Several of the respondents have experience of receiving so-called healing, and/or work with such things themselves. One of the respondents receives treatment with something called "plejahealing", where the therapist combines this technique with both reading the client's horoscope and giving home exercises:
But then, when you have found this problem, you can, with the help of this healing, go in and remove that programming... For example, there may be programming that you are worthless, because you have been told so from their parents all their lives. Then you remove that programming, and then you go in and, well, whatever needs to be done... if you need to repair cell memories, or something... But what she also does is that she combines it with CBT.
A type of help that appears in many places in the data material is visits to and/or treatments by people with medium abilities. Such persons can, for example, provide information about the clients' past lives. This differs from so-called regression therapy where it is the client himself who experiences and possibly sees images from previous incarnations. The medium can mediate contacts with dead relatives and friends, as well as provide information about now living people that the medium should reasonably know nothing about. A medium can have a "helper" who is on the spiritual side, possibly in another place on earth, whose insights the medium can share. The person acting as a medium may sometimes need to adapt the message to the client. It is important that the client has the conditions to understand and will not be harmed by what the media tells.
One respondent talks about healing with Christian signs, and she has translated certain words into something that fits her world of concepts better:
But this kind of healing in the name of Christ, you go in... If it's a mute, for example, you go in and say... Take that spirit away, then. And then that person starts talking again... And this kind of thing exists. If you believe in it, you can do it... Yes. And for me then, so that I then translate into my language, it becomes energies. Or blockages and energies then.
One interviewee underwent a period of hypnosis in order to be able to remember past lives: "Because then it's interesting. Because I think like this, that most people would need it, to lighten these LOCKS that hang on man."
There is also so-called transpersonal psychology, which one of the interviewees highlights as promising and in greater harmony with the spiritual perspectives. It is not enough to just talk about the unconscious in man, you then have to connect it to something bigger. Carl Gustav Jung is highlighted as an ideal:
But on the other hand... what differentiates this classic psychology is perhaps that you... well, Jung was aware that there was something more, he was a bit like this... But others only talk about the unconscious... but from there then disconnect it to something bigger... That when you are in direct contact with your true desires, then you also have a contact with God... Your will be done, not mine.

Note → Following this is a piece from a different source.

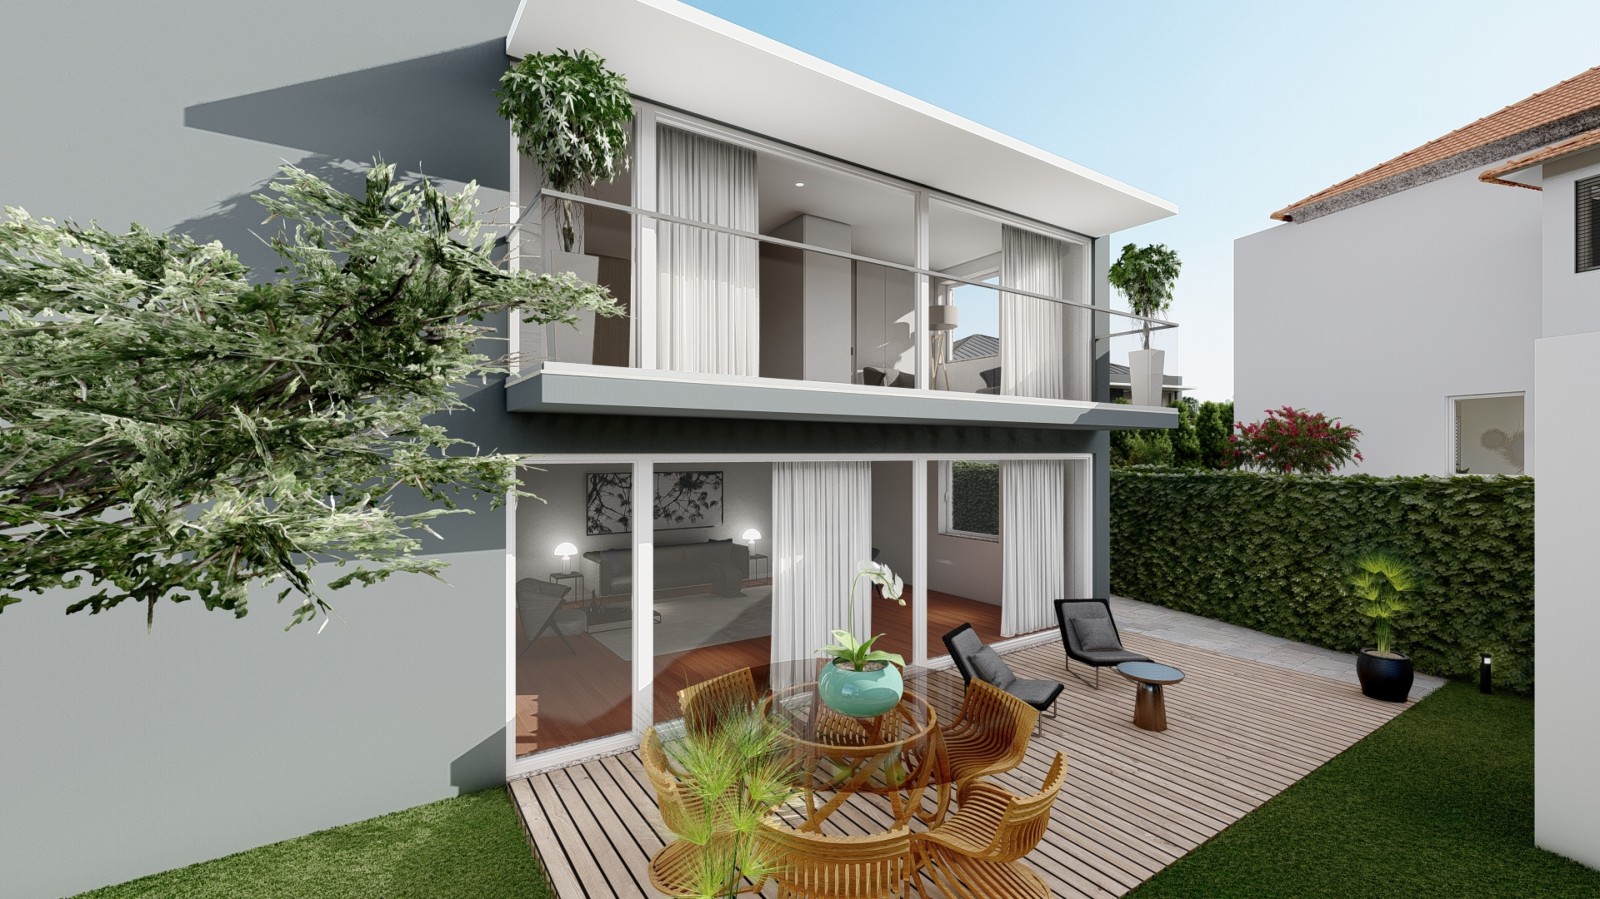 new-luxury-villa-with-garden-for-sale-in-leca-da-palmeira-porto-portugal

In the future, healing will be something people do on themselves, instead of going to a special healer for this. An interviewee believes that it is a parallel to how the development has been for the centers that organize meditation and yoga classes:
But maybe it's the same thing that this yoga and meditation storm came over Sweden. Then everyone would go to courses, meditate and do yoga. But now nobody goes to those courses anymore, because you do it at home instead. And maybe it will be the same with the healing, that people understand that everyone has that ability. You can do it yourself.
The Vidar clinic, which is run by the anthroposophists, is mentioned as an example of a healthcare facility with a commendable and interesting philosophy.